# Types of Bands



## Scrambler84 (Dec 8, 2011)

I had some suggest to me to use old tires for bands from my Bicycle has anyone ever done this as far as experimenting.
Cutting them into strips also tapering them. Your Thoughts are welcome and Ideas have you done this ??


----------



## harpersgrace (Jan 28, 2010)

You wont be happy, they used to do it back in the day when inner tubes were gum rubber, they aren't the same animal anymore...I've never heard of one person that was happy with the results


----------



## Scrambler84 (Dec 8, 2011)

Thanks for the info . Guess I will order bands or raw rubber to make n my own . 
Any suggestions on best place to find supplies tube or flat band stuff .. 
Scrambler 84


----------



## crapshot (May 3, 2011)

get in contact with bill herriman he sells latex band sets look on slingshot supplies under the vender forum and flat band miller sells gom linatex and latex and bunny buster tom nelson


----------



## Flatband (Dec 18, 2009)

Hi Scrambler,
you have a few choices as far as band set-ups go, myself and Bill Herriman ( a fellow Texan of yours) sell flat band sets,tubes you can get through Trumark ( the RRT's are a favorite, and cube ( square rubber) can be had through Hoganscastings.
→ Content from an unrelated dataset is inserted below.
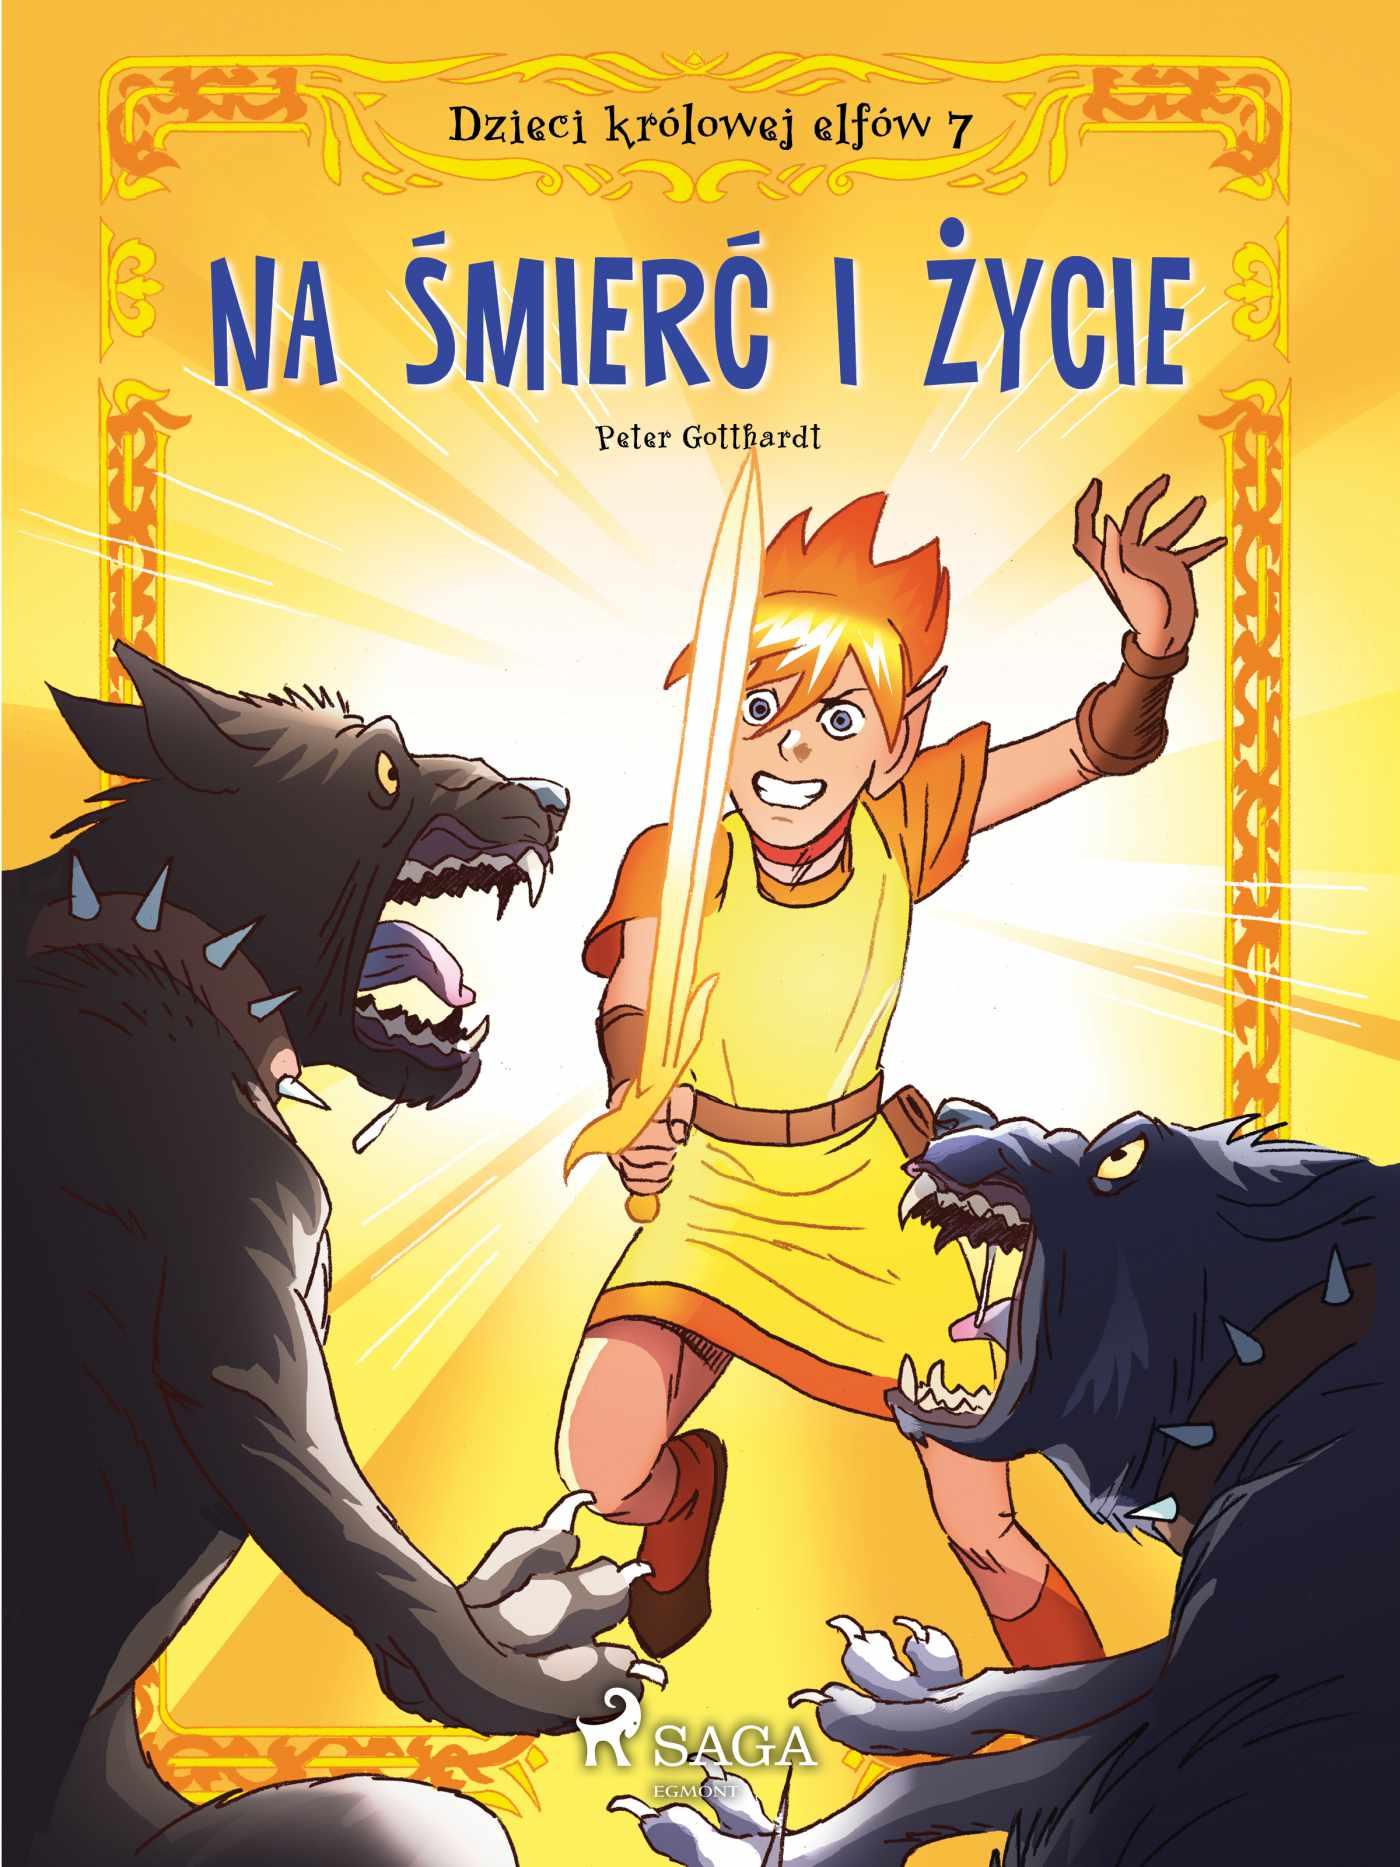 Dzieci królowej elfów 7 - Na śmierć i życie - Ebook (Książka EPUB) do pobrania w formacie EPUB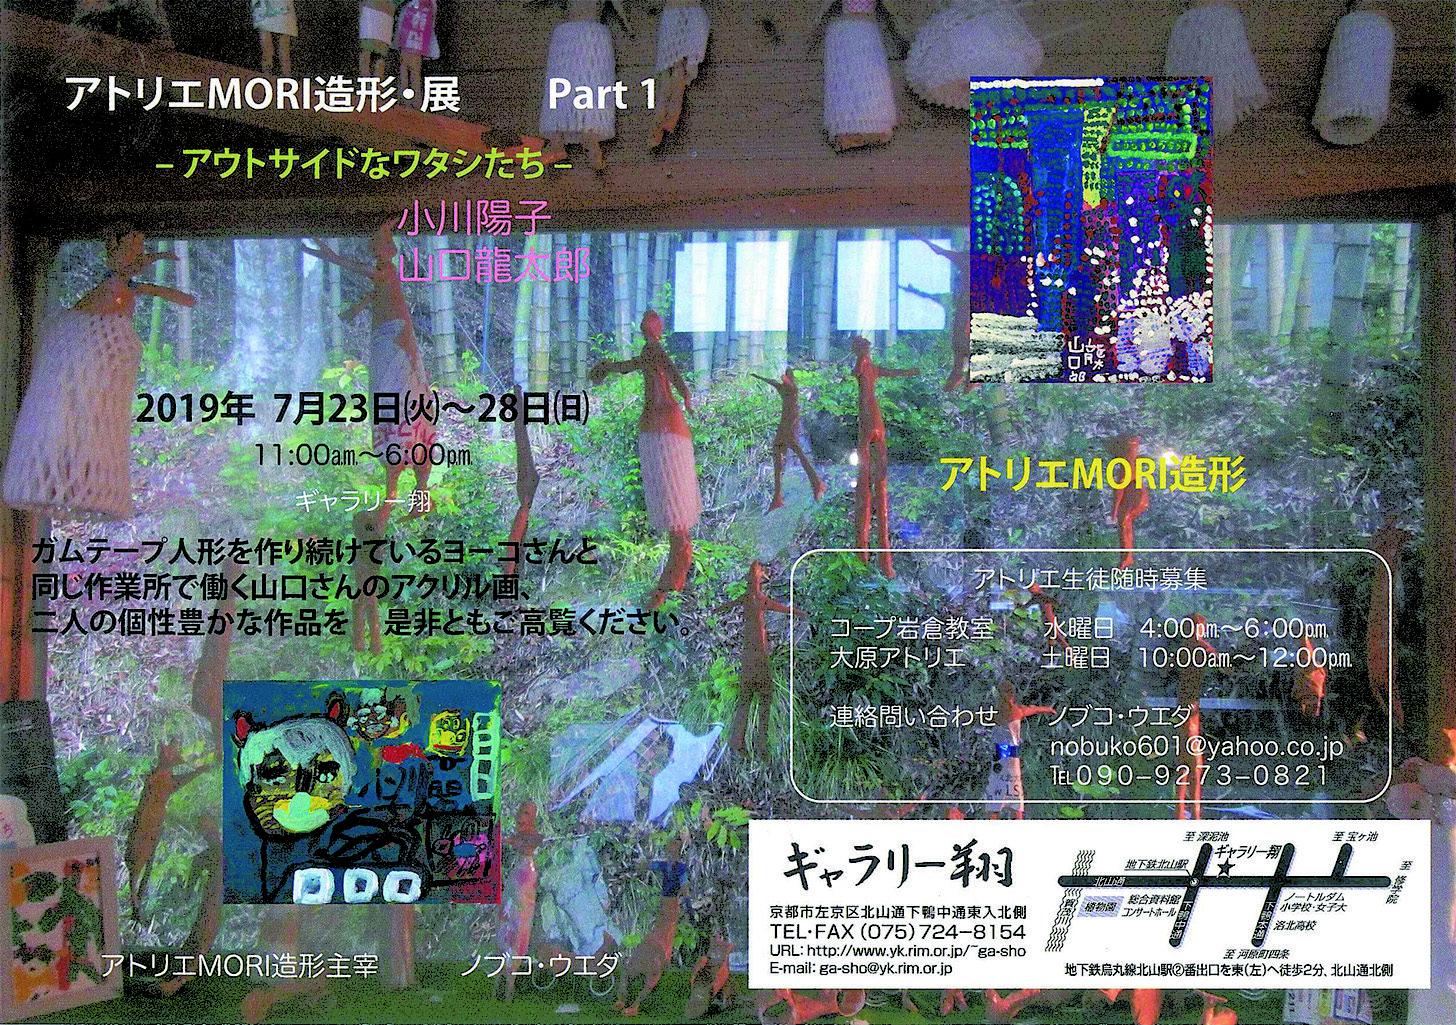 アトリエMORI造形・展 Part1

Hope it helps! Flatband


----------



## Scrambler84 (Dec 8, 2011)

Thanks for info on bands . Also will post photos of slingshots and progress 
The wheels in my head turning would say marbles but who wants to waste good ammo 
LOL . Be in touch later Scrambler 84


----------



## Tex-Shooter (Dec 17, 2009)

Thanks guys! -- Tex


----------